The Canadian Forces National Investigation Service (CFNIS) laid the Criminal Code charges today.
"As the matter is now proceeding through the civilian justice system, no further information can be released at this time," Department of National Defence spokesperson Daniel Le Bouthillier said in a media statement.
The allegations against Edmundson date back more than two decades, to when he was a lieutenant-commander overseeing training at the naval officer training centre in Esquimalt, B.C.
Viau alleged that she was a 19-year-old steward in the navy when Edmundson, a superior and lieutenant commander in 1991, started exposing his genitals to her onboard a navy ship deployed to the Pacific Ocean for an exercise.
Viau said she yelled at Edmundson and told him it was unacceptable behaviour. Days later, she said, the misconduct escalated and Edmundson raped her onboard HMCS Provider in early November, 1991, while the ship was docked in Pearl Harbor, Hawaii.
Edmundson's lawyer, Brian Greenspan, said his client denies the allegations.
"Vice-Admiral Edmundson continues to deny any suggestion of criminal misconduct and looks forward to the opportunity to restore his distinguished reputation for service to our country," Greenspan wrote in a statement to CBC News.
In response to the charges laid Tuesday, Viau's lawyer, Paul Champ, told CBC News his client "will make no comment on this matter other than to say we will wait for justice to take its course."

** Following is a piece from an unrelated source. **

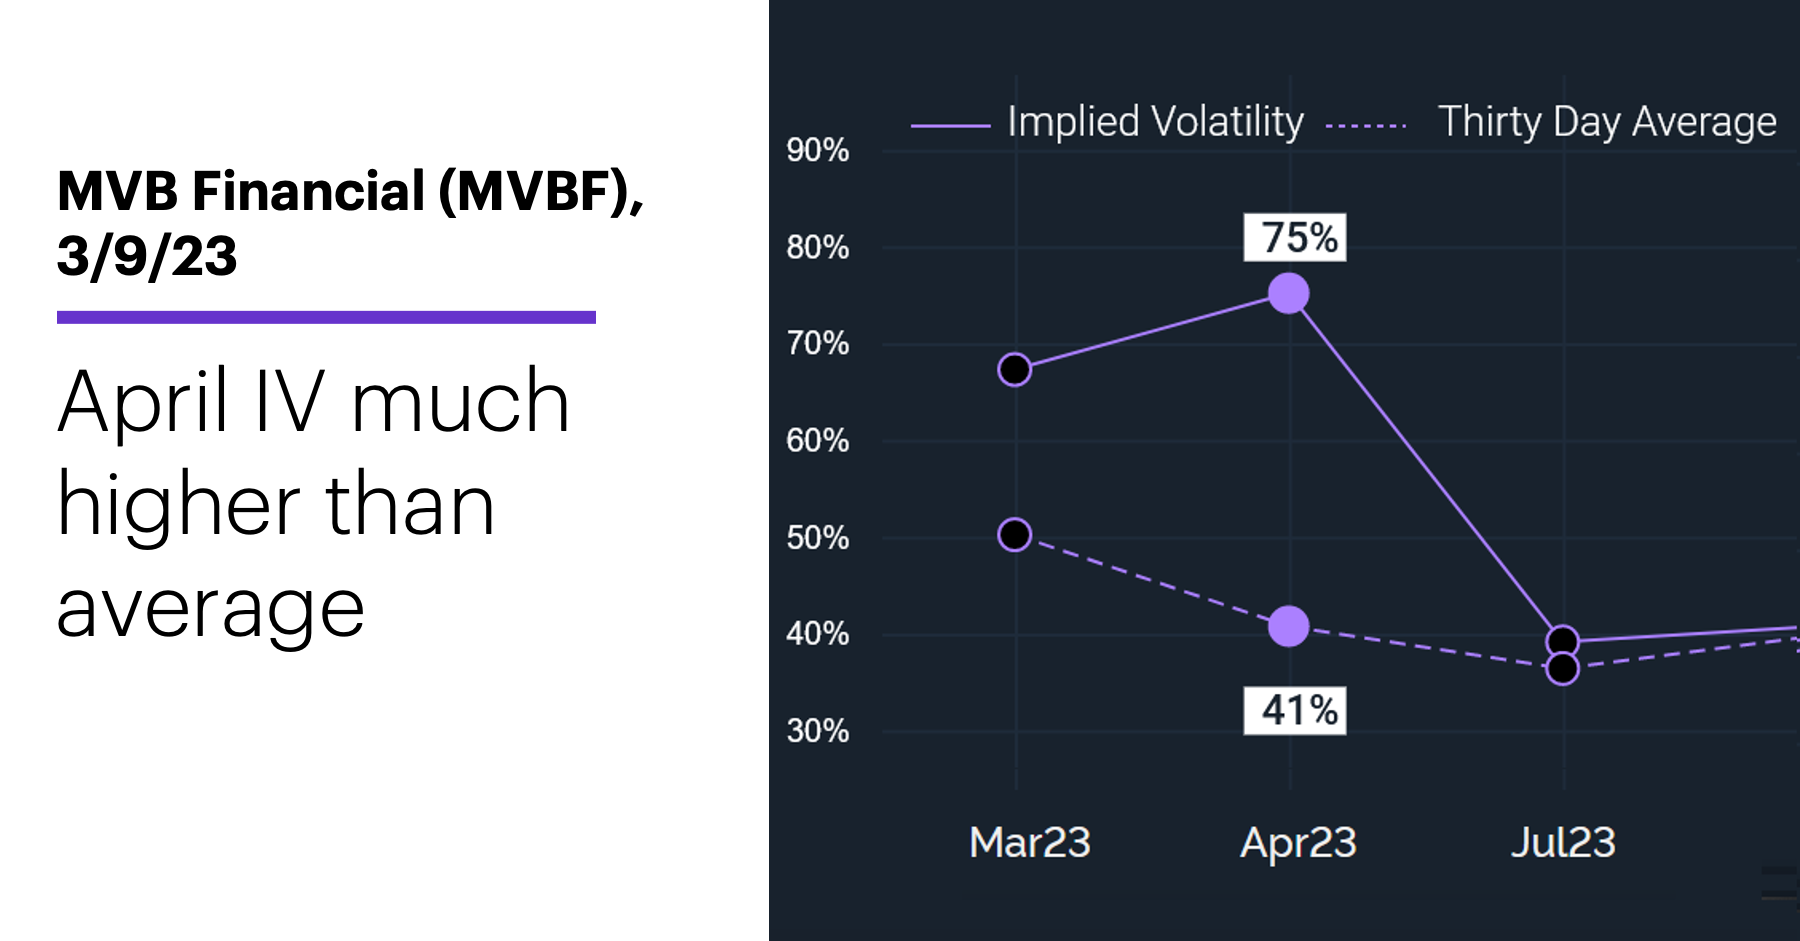 Chart 2: MVB Financial (MVBF), 3/9/23. April IV much higher than average.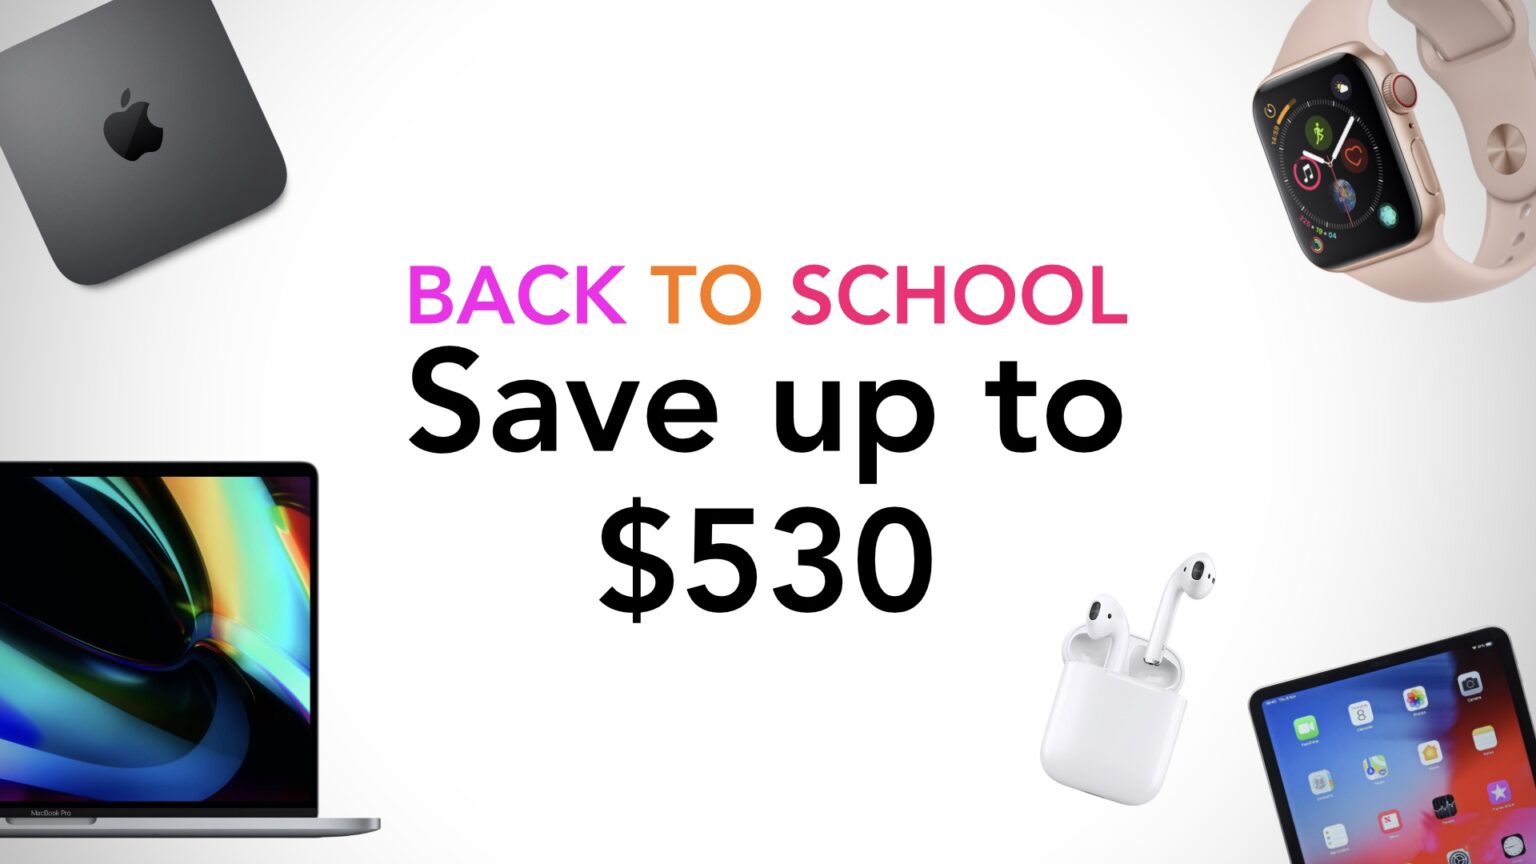 Back to School sale on iPad, Mac

WATCH | Vice-Admiral Haydn Edmundson charged with sexual assault, indecent acts:
Champ said last month that CFNIS was consulting with civilian prosecutors in Ontario to determine if criminal charges should be laid. The defence department said the case would be handed over to civilian prosecutors.
Defence Minister Anita Anand announced last month that she had accepted former Supreme Court justice Louise Arbour's recommendation to transfer sexual misconduct investigations to civilian police except in cases where an investigation is close to completion.
"In this particular case, the investigation was near completion," Le Bouthillier said regarding why CFNIS laid the charges.
This case is not part of the transfer of cases from the military to the civilian justice system.
The military placed Edmundson on paid leave when CBC's story first aired in March and later replaced him as the commander in charge of military human resources when the allegations were made public.
At the time, Greenspan called it regrettable that Edmundson was "replaced in his role without an opportunity to appropriately respond and defend against untested allegations which he categorically and unequivocally denies."
The Canadian military is engaged in a public struggle with sexual misconduct in the ranks. Since February 2021, multiple current and former senior Canadian military leaders have been sidelined, investigated or forced into retirement from some of the highest ranking posts in the Armed Forces.
The allegations against Edmundson are the most serious to be levelled recently against a senior leader in the Forces.
DND said that since May 12, Edmundson has been posted as a supported member at the Transition Centre Ottawa. While many military members who go to the transition group end up leaving the military, some transition back in.
Edmundson's first court appearance is set for Jan. 25 in Ottawa.